Домой уже ехал на рейсовом автобусе. Чуть перепутал поезда метро, поэтому к автобусной станции пришлось идти через несколько кварталов, населенных испаноязычными людьми с темной кожей. Грязь, бумажки и сор на улицах. Тут и там выбитые окна, но кругом веселье, гитары, песни, хохот, шныряют детские стайки. Почему-то я всегда чувствую себя в таких кварталах более «дома», чем на фешенебельных улицах. К роскоши почему-то быстро привыкаешь, и становится так одиноко и скучно.
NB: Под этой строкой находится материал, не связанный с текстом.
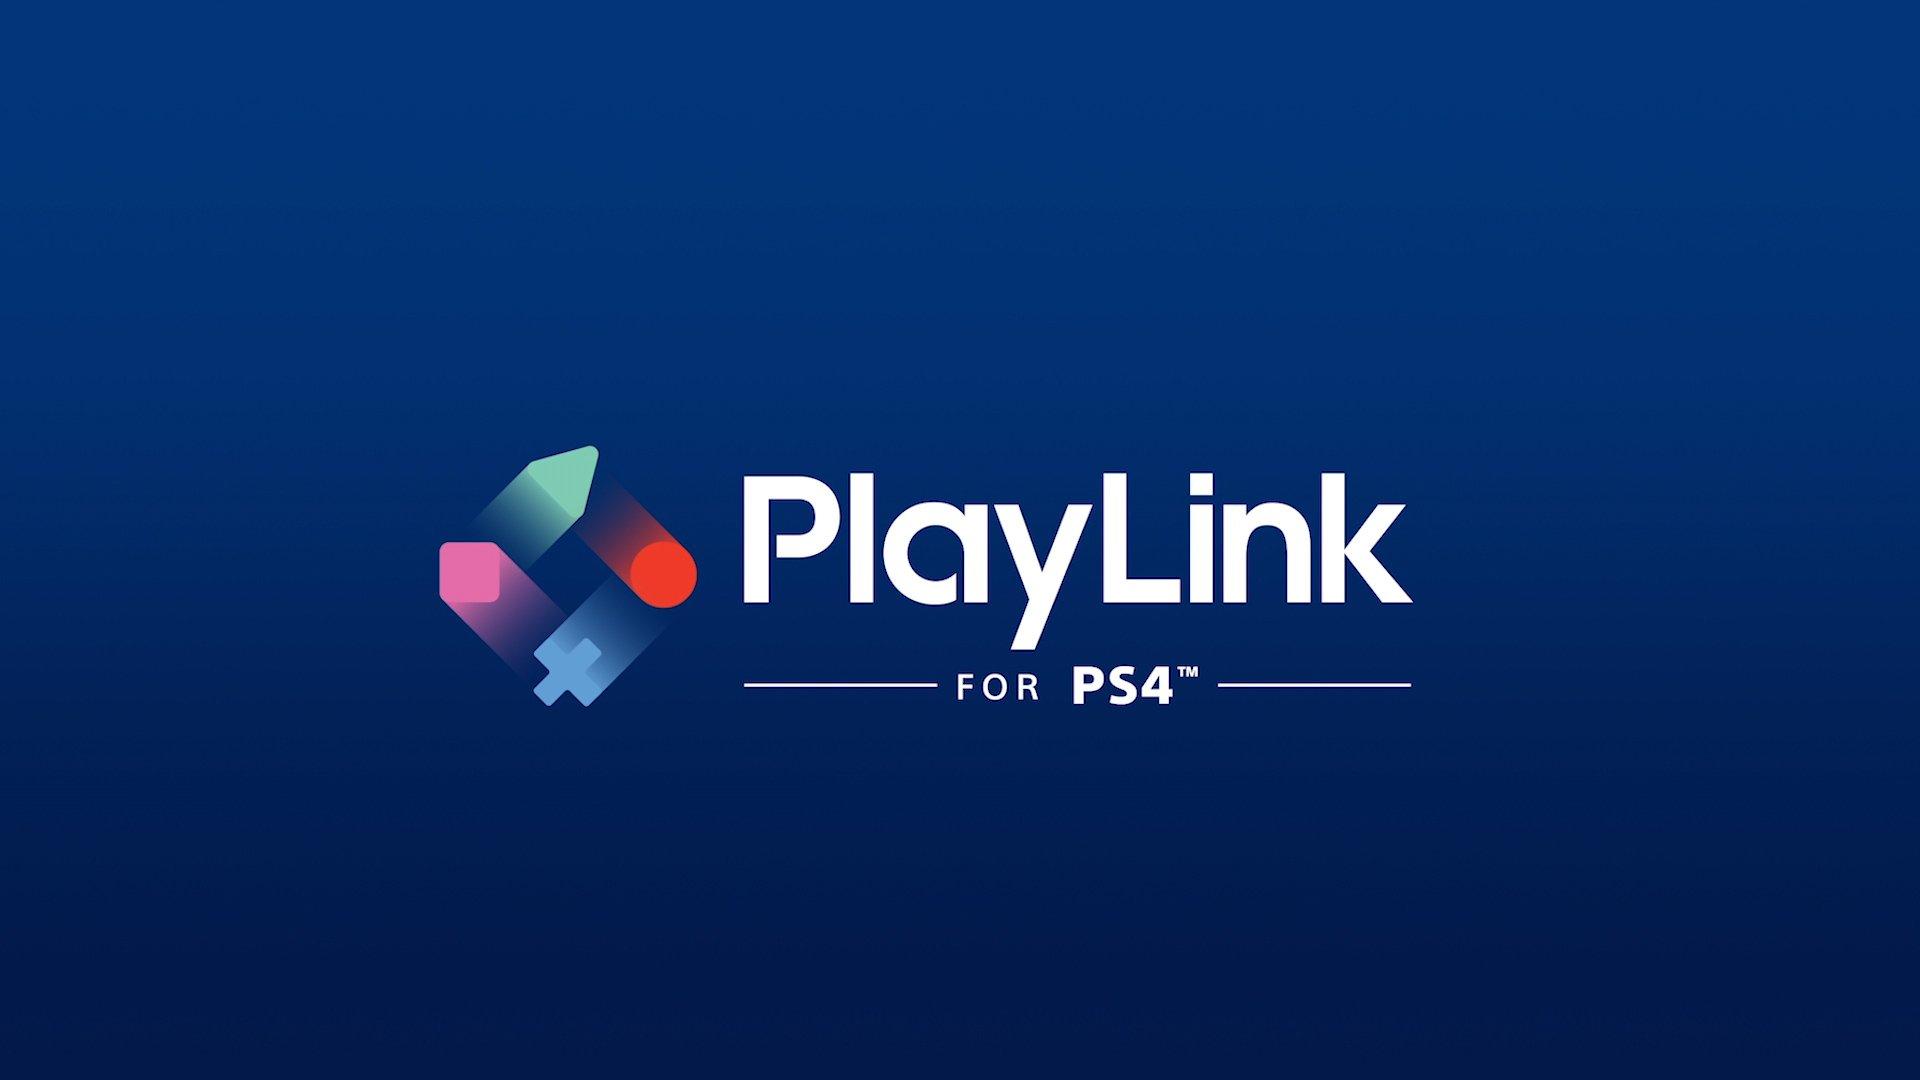 Sony hat 60 Millionen PS4-Konsolen verkauft

Вечером устроил себе маленький банкет — обмыть покупки, а потом начал готовиться к разговору с домом, с Москвой. Утром позвонил оператору, он тут же связал меня с «международным» оператором, и оказалось, что в три часа ночи на первое мая можно заказать разговор с Москвой. Три ночи — это уже около десяти утра в Москве. И ведь это будет утро 1 Мая! В 11 часов вечера я решил все проверить: вдруг добавочный номер не работает! Предчувствие не обмануло меня. Ночной охранник в обсерватории, которого я попросил проверить мой телефон, пришел ко мне и выяснил, что мой телефон не в порядке. Оказалось, короткое замыкание звонка. Берт — так представился охранник — нашел мне комнату рядом, где был исправный телефон, и уже там я сидел до трех утра, ждал звонка. Потом были какие-то неполадки на линии, думал, сердце выскочит из груди, — так был взволнован. Но, в конце концов, разговор состоялся!
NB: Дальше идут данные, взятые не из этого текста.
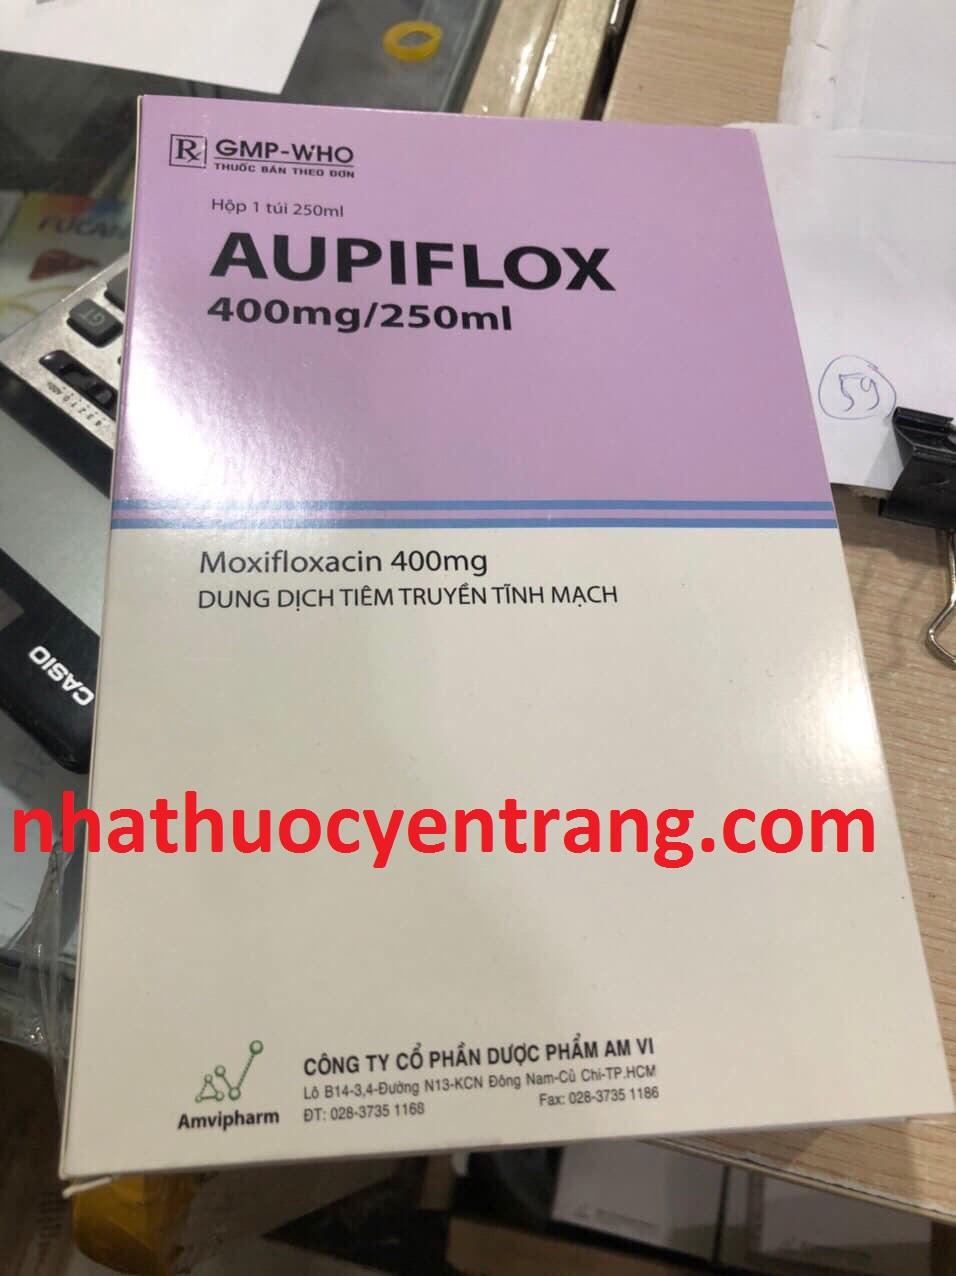 Aupiflox

Пикник на Аппалачской тропе
Распорядок дня моей жизни. Получение денег в банке. Стен делает свой причал. Десять лет с окончания — войны во Вьетнаме. Пикник на Аппалачской тропе. Новые приключения Питера — альпиниста Ламонт. Узнаю о судьбе старых друзей с ледника Росса. «Если бы Герц был черным — он давно бы сидел за решеткой». Посещение в Манхеттене магазина художественных принадлежностей. «Никто никогда не побеждает»…
Утром отправил несколько деловых писем: Эйве, в Вашингтон — Диане с благодарностью, что она прислала мне конверт с чеком — «зарплатой» за второй месяц. Кроме того, надо было отправить письма в Москву, в международный центр данных с просьбой ускорить присылку книг в Боулдер. Это я обещал Роджеру Бари.
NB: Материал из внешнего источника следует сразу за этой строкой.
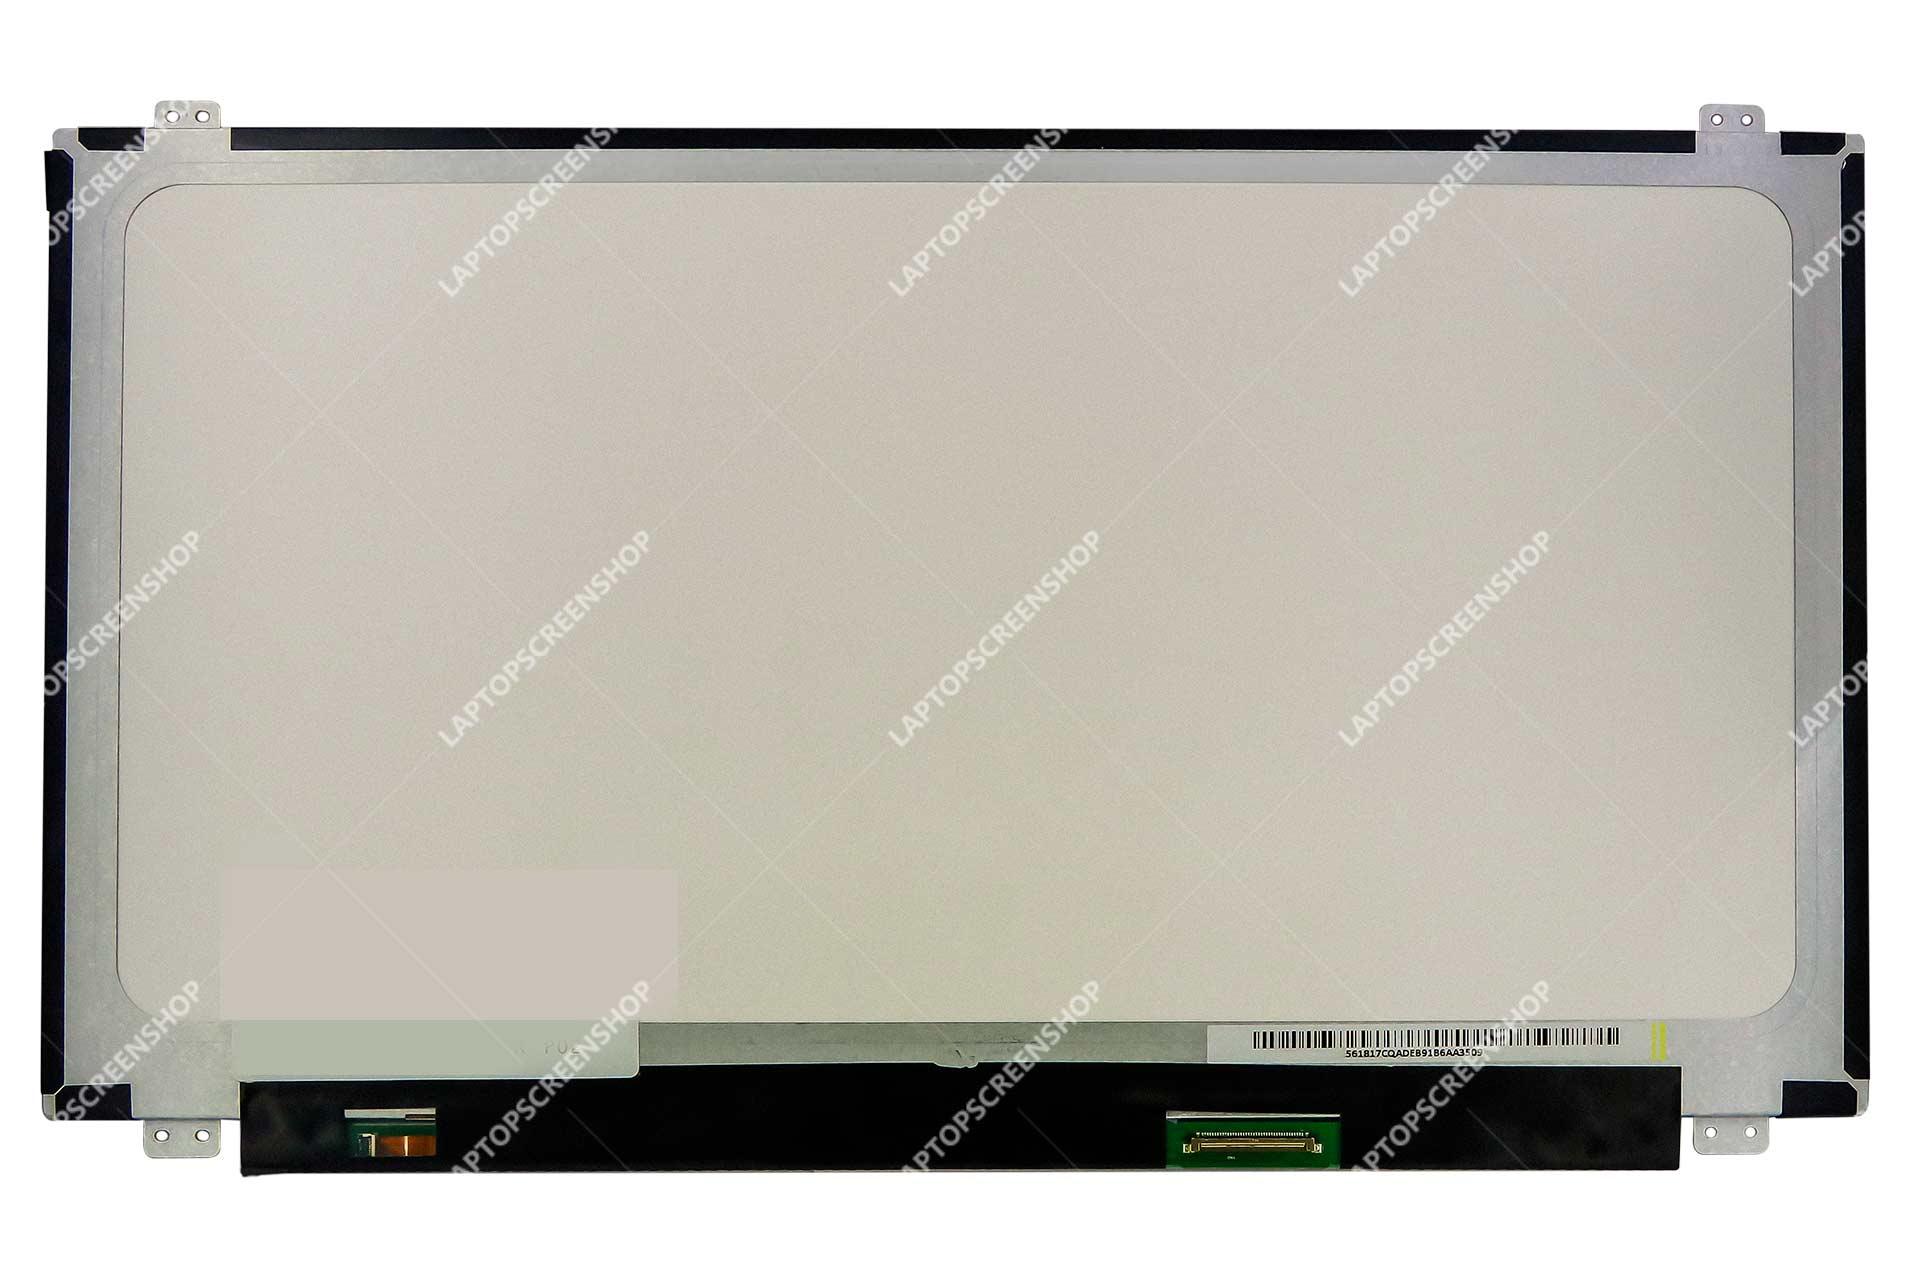 SONY-VAIO-SVS15117FLB-LCD |FHD|فروشگاه لپ تاپ اسکرين | تعمير لپ تاپ

Потом Стен дал журнал Американского геофизического союза («ЭОС») с программой ежегодного весеннего собрания этого союза, которое через две недели будет проходить в Балтиморе. Стен хочет узнать, есть ли желание у меня поехать туда. Пока просмотрел тезисы докладов — прошел час. Решил не ехать. Дорого — вступительный взнос 110 долларов. Незаметно подошел ланч.
Иду к кофеварке, наливаю кружку, возвращаюсь в свою комнату и ем, гляжу через деревья на реку далеко внизу. Я уже выяснил, почему здесь нет пароходов. Оказывается, она судоходна всего миль на 150 вверх и все грузы на этом участке забирают в основном грузовики. Даже железная дорога почти не работает.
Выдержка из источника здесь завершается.